Abstract

Photorealistic rendering of dynamic humans is an important ability for telepresence systems, virtual shopping, synthetic data generation, and more. Recently, neural rendering methods, which combine techniques from computer graphics and machine learning, have created high-fidelity models of humans and objects. Some of these methods do not produce results with high-enough fidelity for driveable human models (Neural Volumes) whereas others have extremely long rendering times (NeRF). We propose a novel compositional 3D representation that combines the best of previous methods to produce both higher-resolution and faster results. Our representation bridges the gap between discrete and continuous volumetric representations by combining a coarse 3D-structure-aware grid of animation codes with a continuous learned scene function that maps every position and its corresponding local animation code to its view-dependent emitted radiance and local volume density. Differentiable volume rendering is employed to compute photo-realistic novel views of the human head and upper body as well as to train our novel representation end-to-end using only 2D supervision. In addition, we show that the learned dynamic radiance field can be used to synthesize novel unseen expressions based on a global animation code.

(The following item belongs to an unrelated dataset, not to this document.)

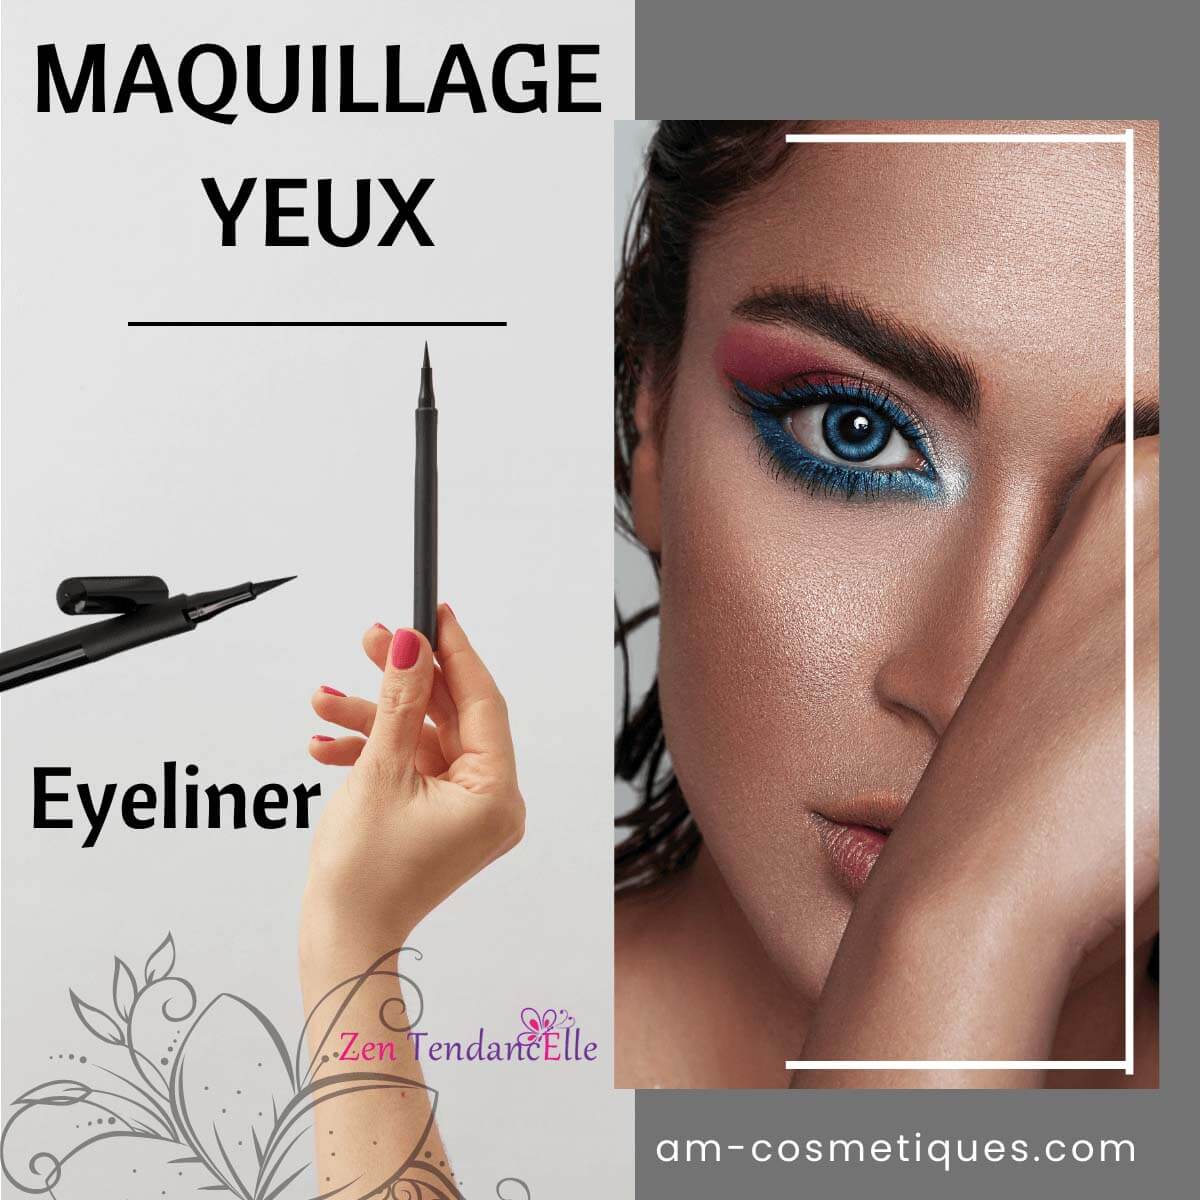 Eyeliner_maquillage_makeup_Yeux_pas_cher_AM-Cosmetiques.jpg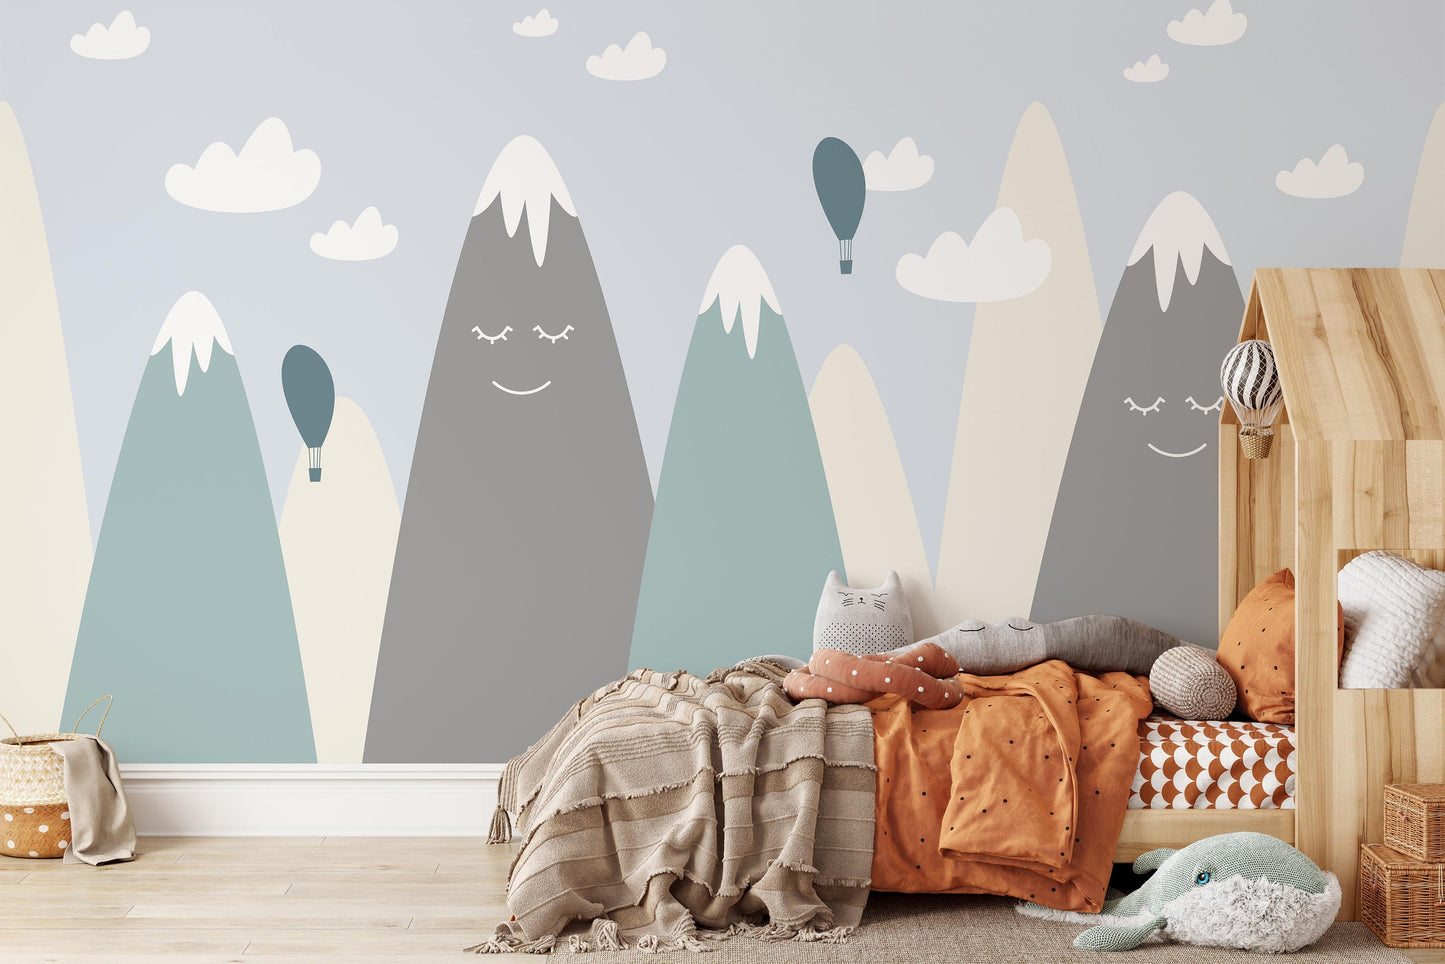 Removable Peel and Stick Wallpaper Funny Mountains Sky Nursery Wall Paper Wall Murals, KL0047

Our approach achieves state-of-the-art results for synthesizing novel views of dynamic human heads and the upper body.

Talk

Paper

Z. Wang, et al.
Learning Compositional Radiance Fields of Dynamic Human Heads

[Paper]

[Arxiv]

[Bibtex]

Bibtex

@InProceedings{Wang_2021_CVPR, author = {Wang, Ziyan and Bagautdinov, Timur and Lombardi, Stephen and Simon, Tomas and Saragih, Jason and Hodgins, Jessica and Zollhofer, Michael}, title = {Learning Compositional Radiance Fields of Dynamic Human Heads}, booktitle = {Proceedings of the IEEE/CVF Conference on Computer Vision and Pattern Recognition (CVPR)}, month = {June}, year = {2021}, pages = {5704-5713} }

Video Results

Free View Rendering

Free view rendering of three human heads. We show the talking head under different camera poses and expressions.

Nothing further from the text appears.